** WORK INSTRUCTION **
Give the lines again, unchanged, starting with the line containing "The Dahlia Suitcase" and ending with the last line of the data below.

** Records from a collection **
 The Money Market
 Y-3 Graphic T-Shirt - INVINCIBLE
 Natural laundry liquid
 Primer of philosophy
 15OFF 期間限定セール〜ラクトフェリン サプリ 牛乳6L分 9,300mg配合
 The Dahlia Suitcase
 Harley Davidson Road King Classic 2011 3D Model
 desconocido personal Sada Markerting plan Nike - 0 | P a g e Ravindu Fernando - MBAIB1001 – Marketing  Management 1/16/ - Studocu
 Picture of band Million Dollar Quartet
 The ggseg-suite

** RESULT OF THE TASK **
 The Dahlia Suitcase
 Harley Davidson Road King Classic 2011 3D Model
 desconocido personal Sada Markerting plan Nike - 0 | P a g e Ravindu Fernando - MBAIB1001 – Marketing  Management 1/16/ - Studocu
 Picture of band Million Dollar Quartet
 The ggseg-suite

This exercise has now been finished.